The risk paid off. Last week, Jones released his first reserve Tempranillo, the 2000 South East Block, a purplish black blockbuster full of plum, cherry and black fruit notes. It is a gorgeous wine that should be cellared for a few years, or at least decanted four or more hours before serving.

Southern Charm in Southern Oregon

To meet Earl and Hilda Jones is like a flashback during a gentler time. Hilda is from Florida and Earl was raised in Kentucky. Both have southern drawls peppered with colloquialisms from their upbringing.

With his academic background, love of research and deep southern accent, Earl spins stories about winemaking like a movie narration. (Think of Hoyt Axton’s voice narrating the beginning of the movie “Gremlins.”) Although Hilda is a southern belle, she can drive a tractor and use winery equipment like the rest of the crew.


Earl and Hilda Jones

Hilda knows the acreage inside and out, and provides nicknames for each varietal field. The Tempranillo she refers to as the Flamenco Dancers. The Zinfandel plants are affectionately known as Robert DeNiro. The Grenache is Dolly Parton and Malbec is Madonna. The Syrah, Cabernet Sauvignon and Cabernet Franc all have nicknames as well.

When she isn’t working in the winery, Hilda serves on the local school board in the district where her 13-year-old daughter Meredith attends school. The Jones’ have an older daughter, Hanna, 21, attending the University of Oregon. Earl has three grown children from a previous marriage and seven grandchildren.

The Wines

Tempranillo is clearly Earl’s favorite wine. His hero is Alejandro Fernandez, a Spanish winemaker from Ribera del Duero who put the area on the map in the 1980s with fabulous reviews of his rich and powerful Pesquera wine.

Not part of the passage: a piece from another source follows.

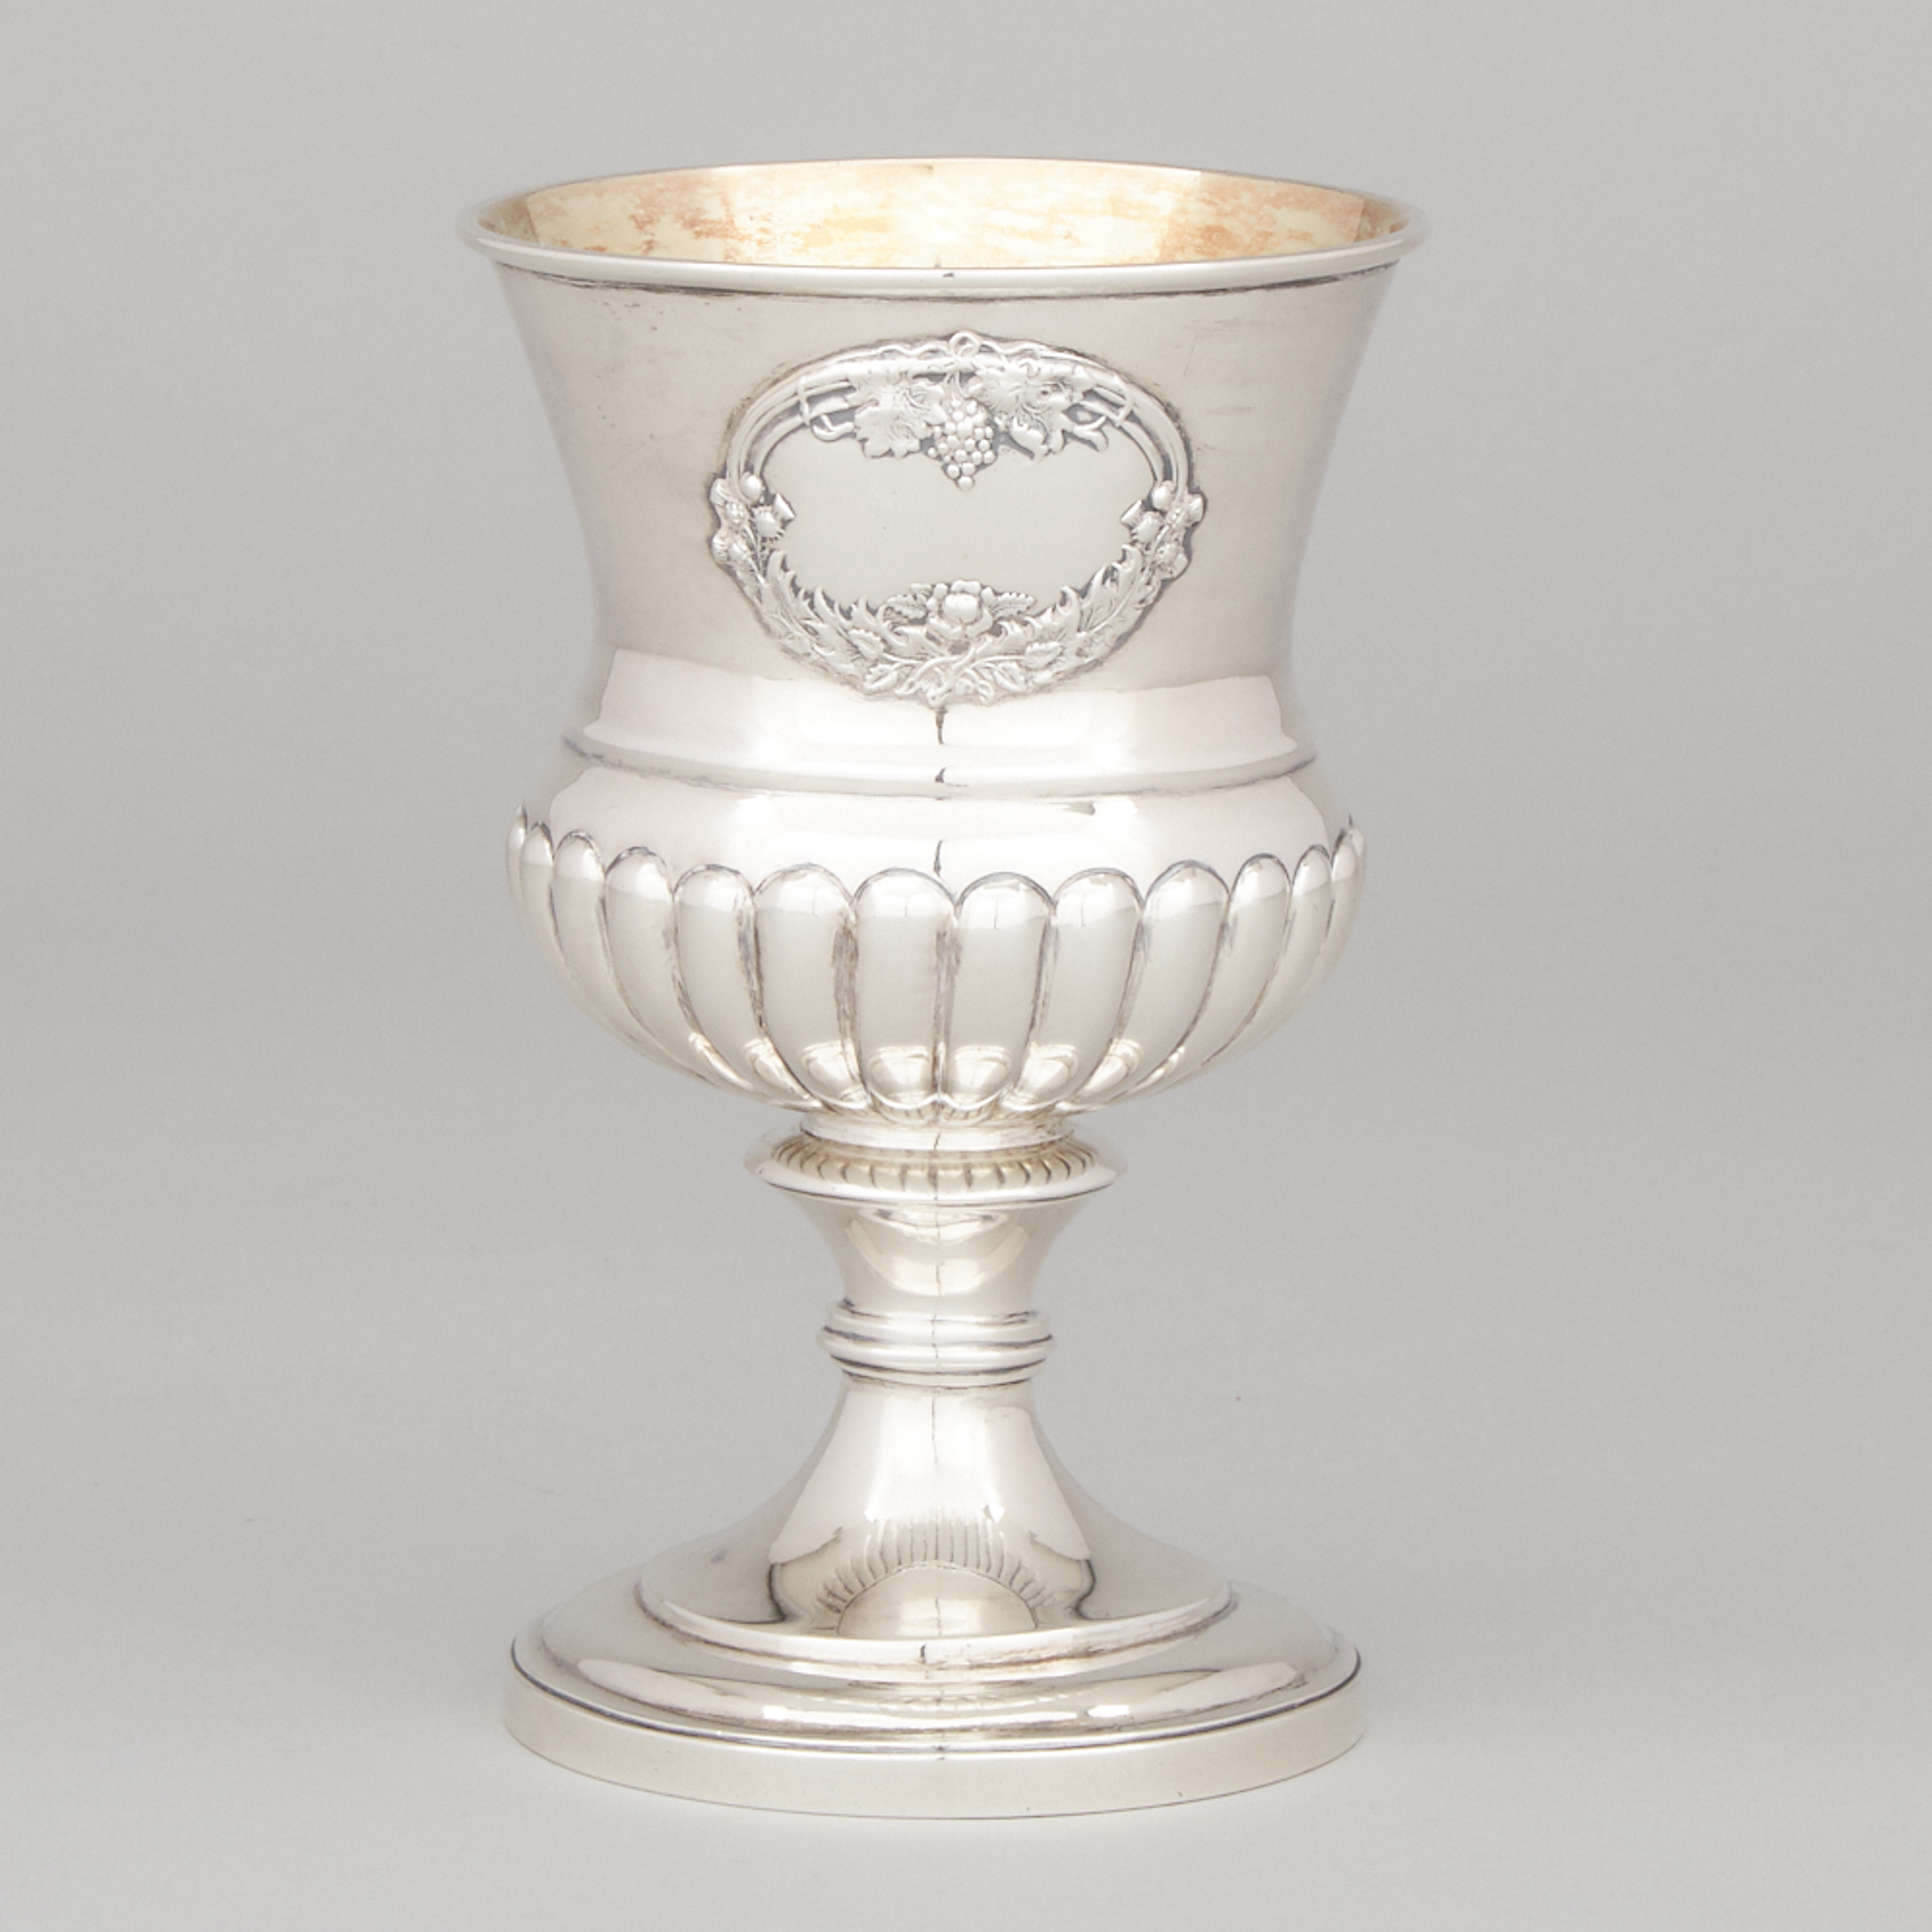 Canadian Silver Thistle Shaped Goblet, William Farquhar, Montreal, Que., c.1825-30

“I think the Spanish grape is the next varietal to be discovered by the American palate,” Earl said. “Syrah has been a hot grape for the past few years, and everybody’s tried it, but I think Tempranillo is the upcoming wine to try.”

Although Tempranillo has been produced for hundreds of years in Europe, Jones said it never caught on in the United States until recently. He said the less expensive Tempranillo was often over oaked and under flavored. The New World Tempranillos are less oaked and user friendly, he said.

“Keep in mind that the older Tempranillos were so expensive that no one could afford them,” Earl said.

Abacela produces several Tempranillo wines, blended from estate lots and the reserve Tempranillo. The wine has a spicy nose with a slight earthiness in the mouth.

They also have a lovely Dolcetto, an Italian varietal with aromas of fresh strawberries, plum and honeysuckle. Their Cabernet Franc fills the mouth with black cherries, toasty oak and sweet vanilla.

The Malbec and Sangiovese are quite interesting and worthy food companions. The Malbec has plum and blackberry flavors and is built to age for a while. The Sangiovese has hints of cedar and caramel with bing cherry and raspberry flavors in the mouth.

An Abacela favorite is the Syrah, a big, fruit-driven wine with spice, chocolate and dark fruit flavors. Earl adds about 3 percent of Viognier contributing a rich mouth feel. He also produces a Grenache, with warm aromas of cherry pie, vanilla and a nice cedar finish.

Tempranillo Up and Coming NW Grape

With the release of his first reserve Tempranillo, Earl raised the bar on a grape sparsely planted in the Northwest. At the recent Taste Washington in Seattle, two wineries, Cayuse and K Vintners poured their first Tempranillo and vowed to make more in the coming years.

“I am very excited about this grape,” said Christophe Barron, winemaker for Cayuse. “It grows very well in Eastern Washington too.”

Several other vineyards in Southern Oregon are planting Tempranillo.

The casual wine drinker might have thought of Spanish wines as inexpensive and undistinguished, but the wines produced by Abacela are anything but undistinguished. Jones says he loves the grape for its multi-dimensional layers.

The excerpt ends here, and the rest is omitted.